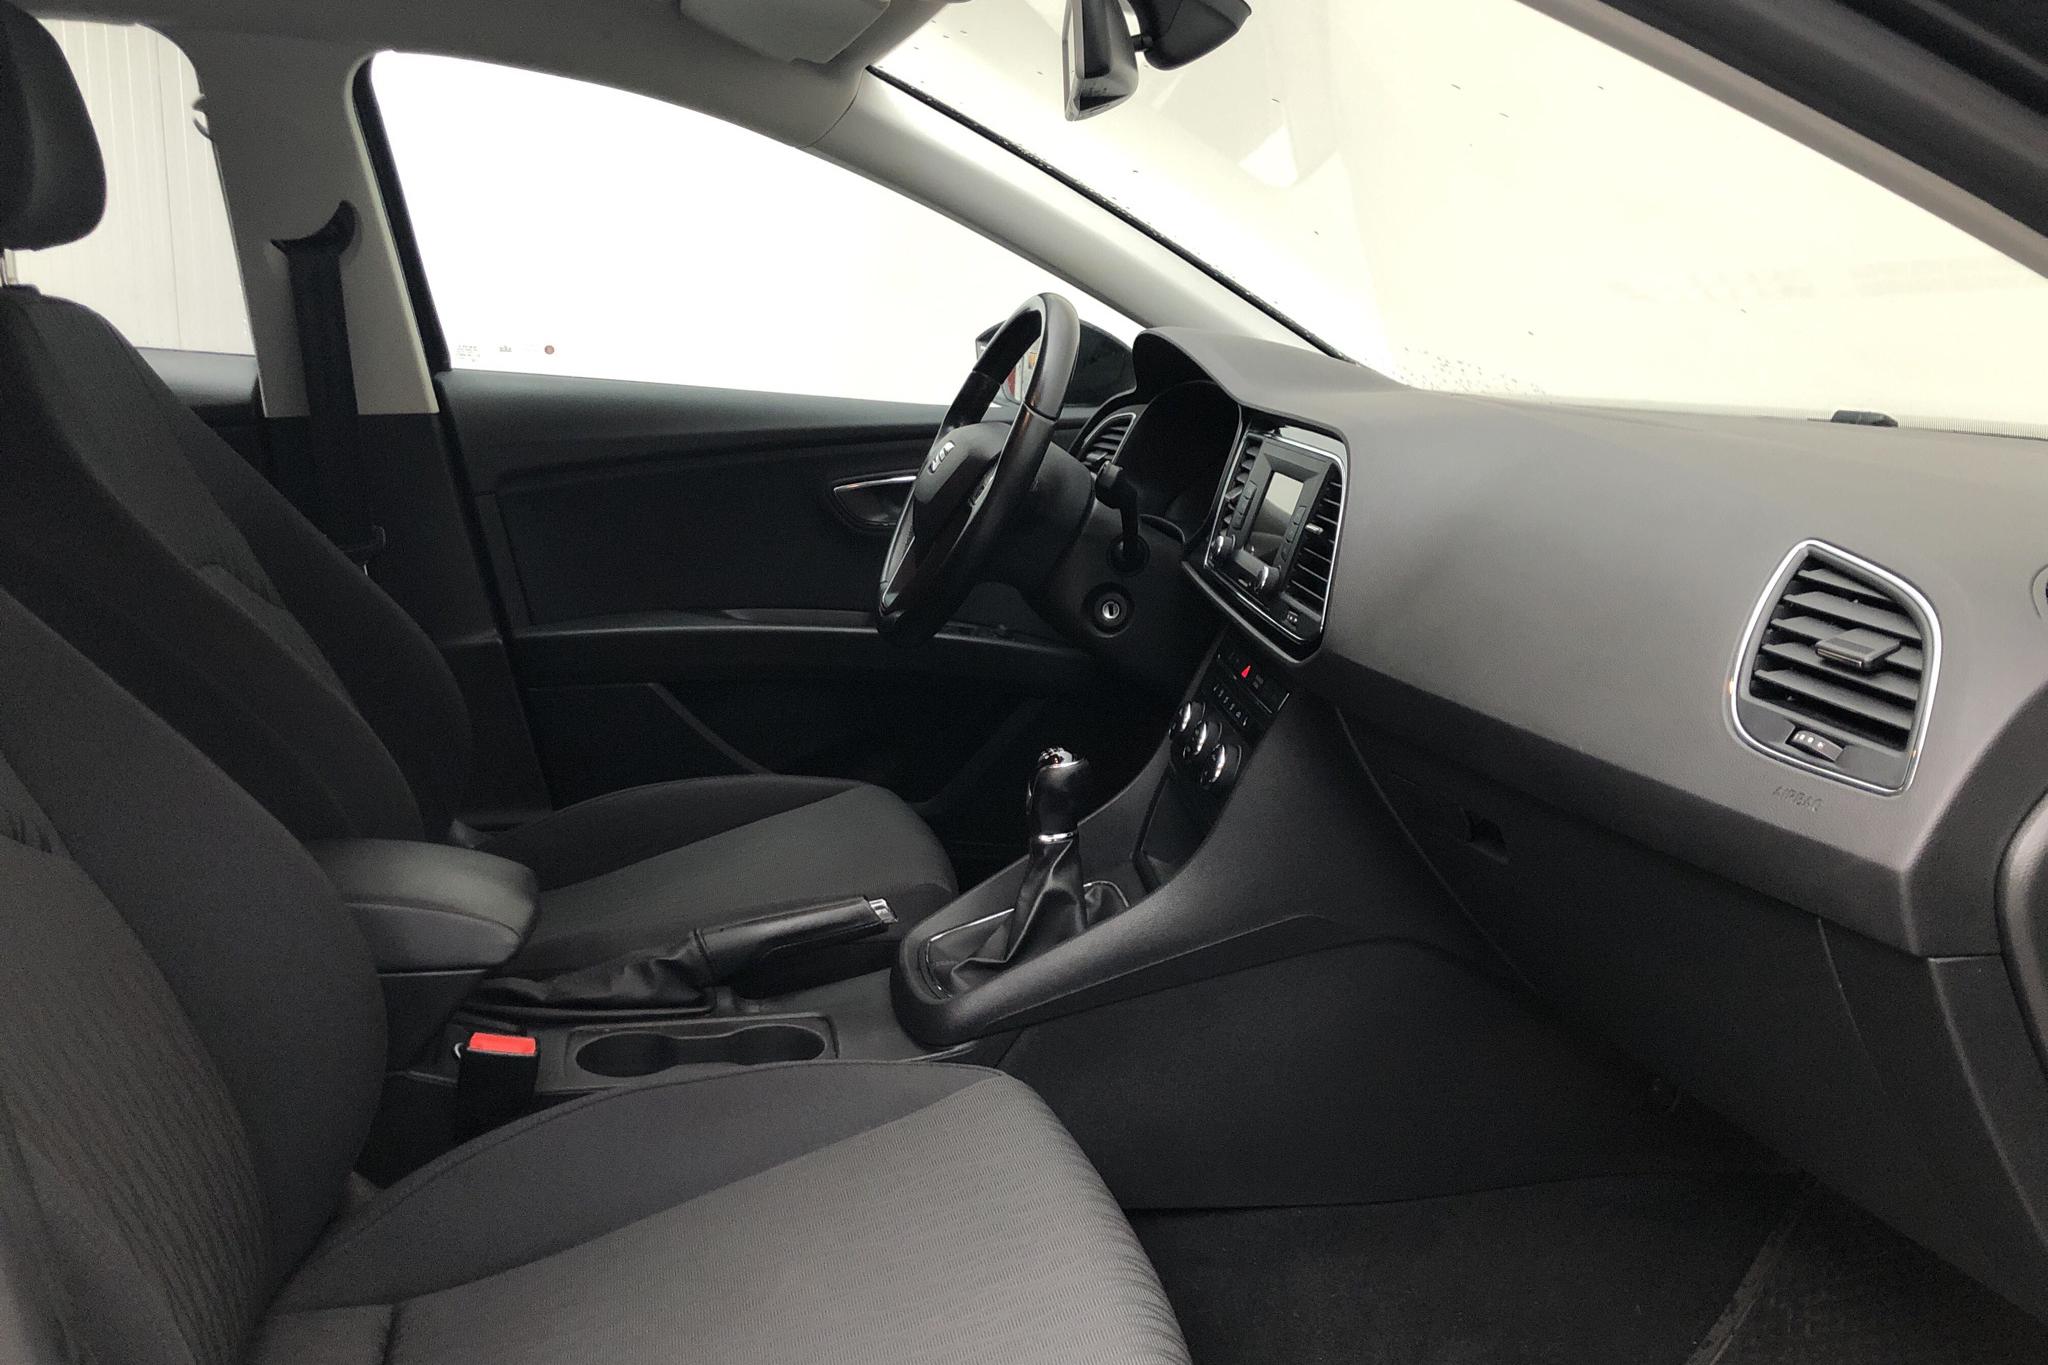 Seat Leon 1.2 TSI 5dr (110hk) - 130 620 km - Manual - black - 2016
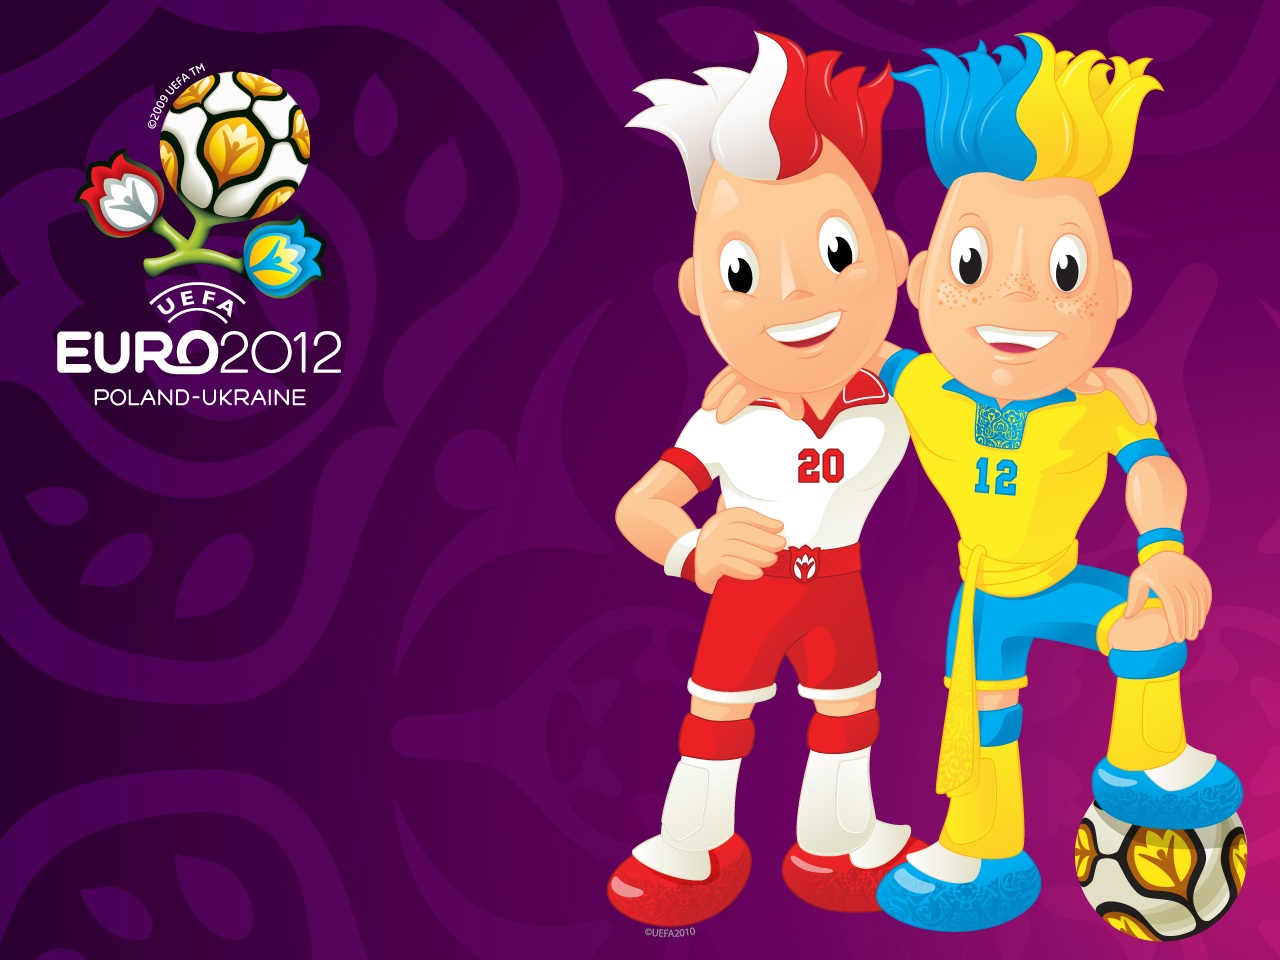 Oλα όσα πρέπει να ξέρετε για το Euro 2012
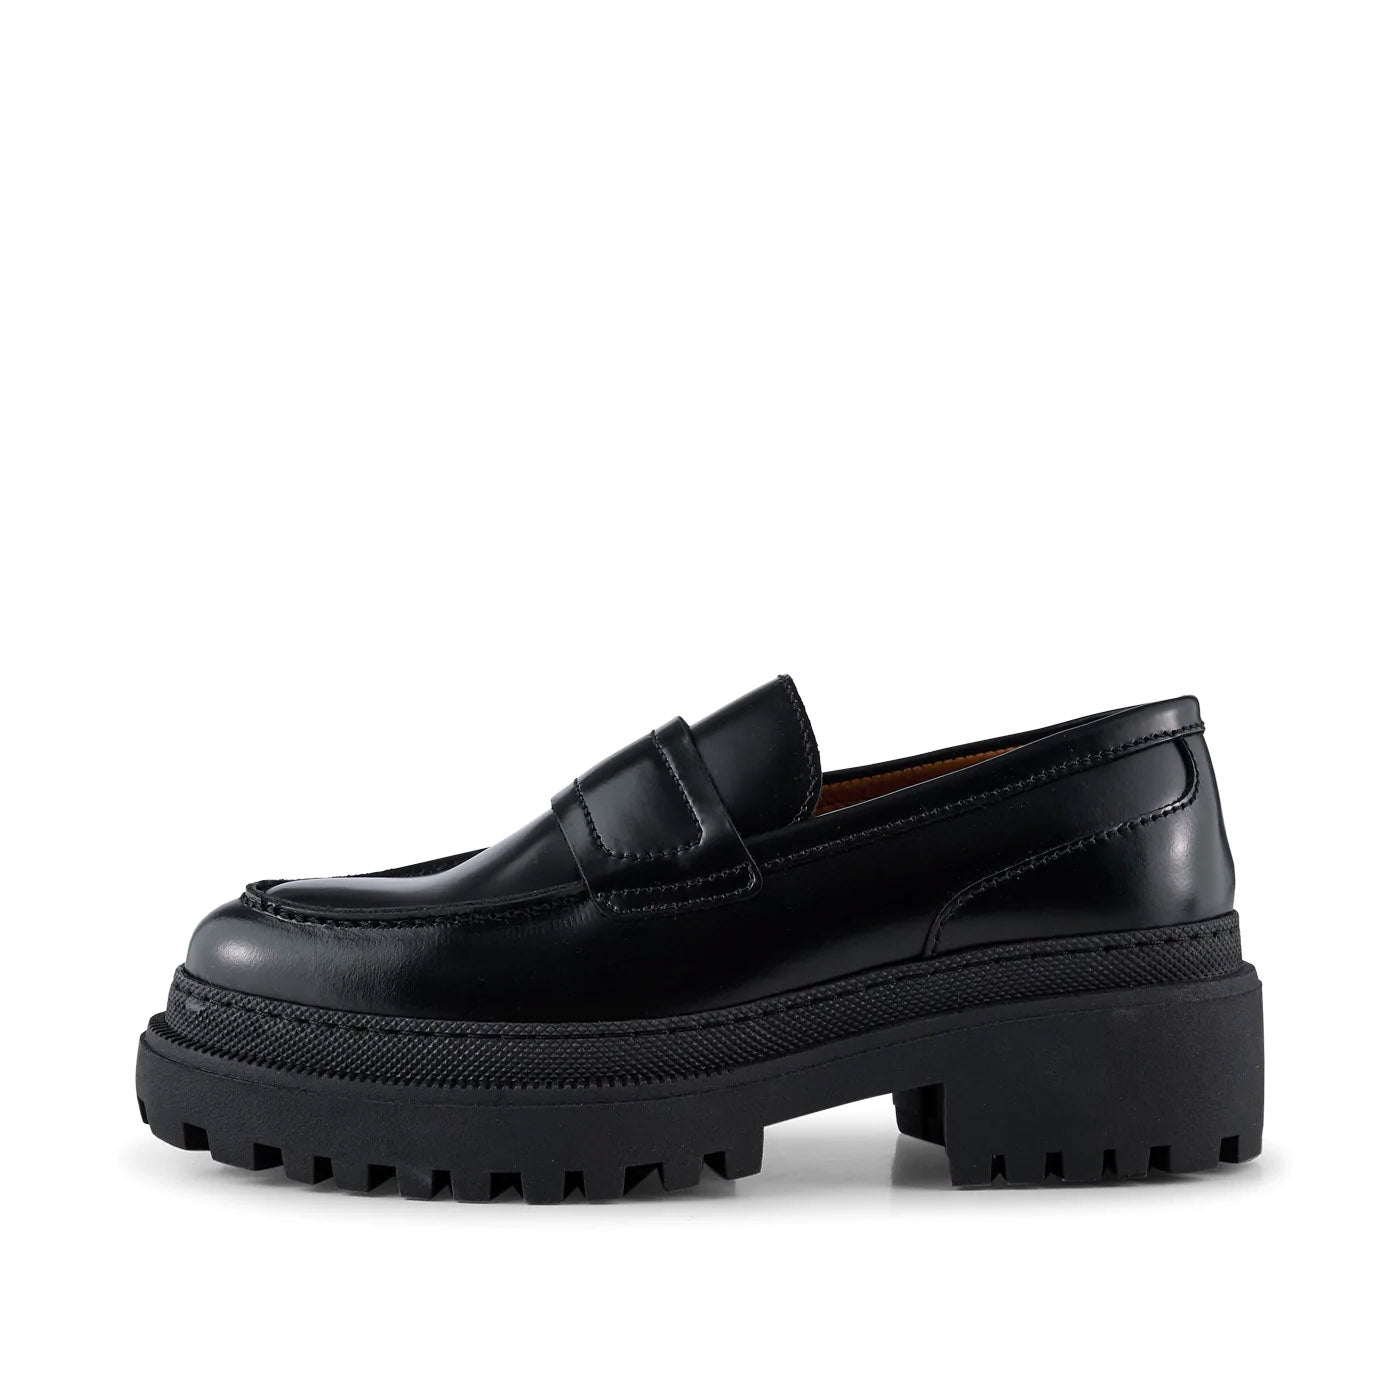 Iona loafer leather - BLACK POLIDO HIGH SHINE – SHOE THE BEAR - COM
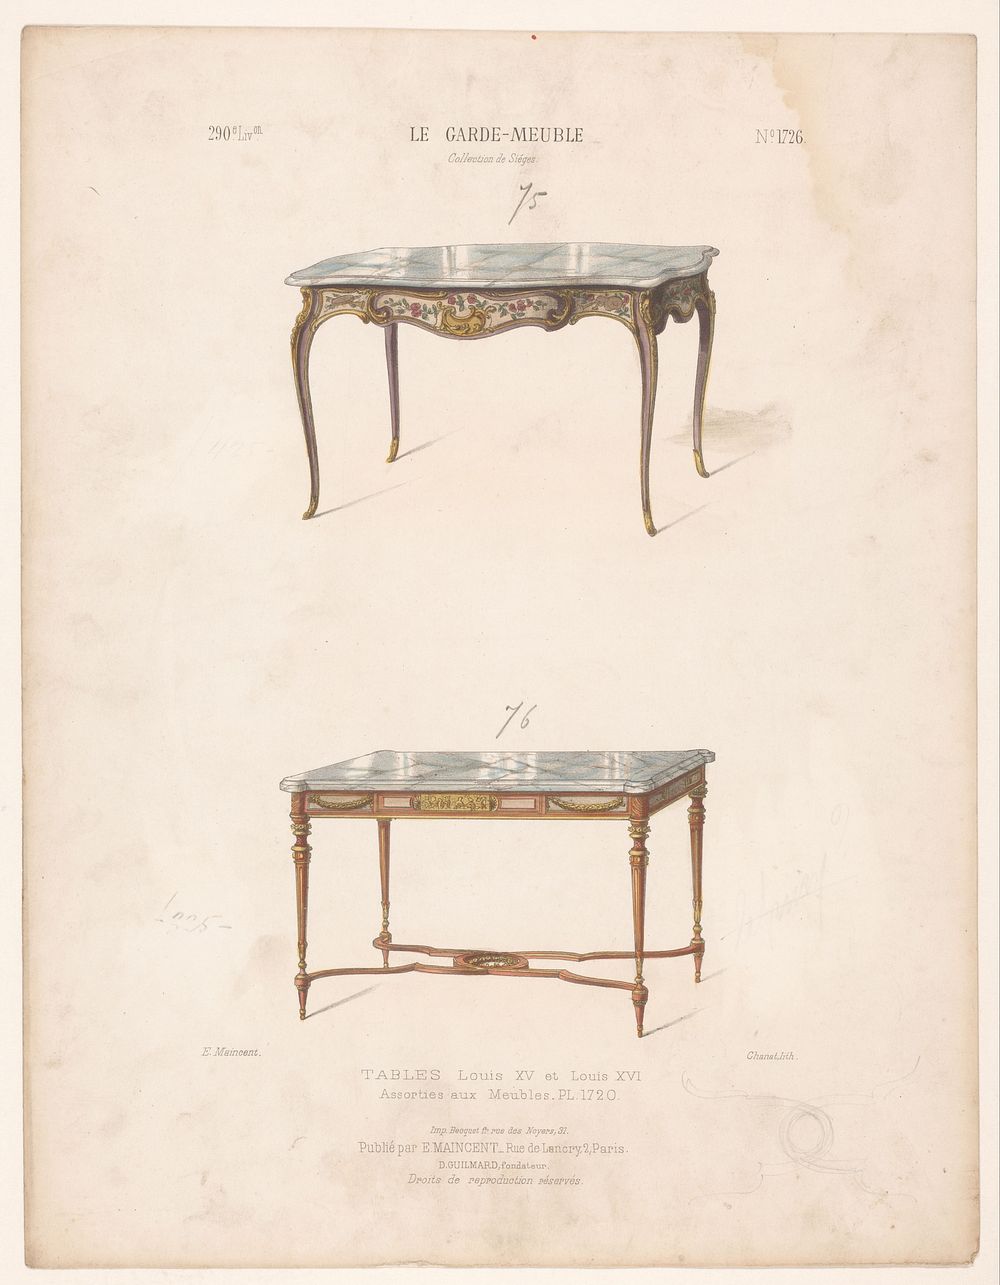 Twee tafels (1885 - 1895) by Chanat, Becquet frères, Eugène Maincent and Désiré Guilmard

Exercise: The entire listing is to be printed exactly, with each picture omitted.

Your response:
 Seat Leon 1.2 TSI 5dr (110hk) - 130 620 km - Manual - black - 2016
 Oλα όσα πρέπει να ξέρετε για το Euro 2012
 Iona loafer leather - BLACK POLIDO HIGH SHINE – SHOE THE BEAR - COM
 Twee tafels (1885 - 1895) by Chanat, Becquet frères, Eugène Maincent and Désiré Guilmard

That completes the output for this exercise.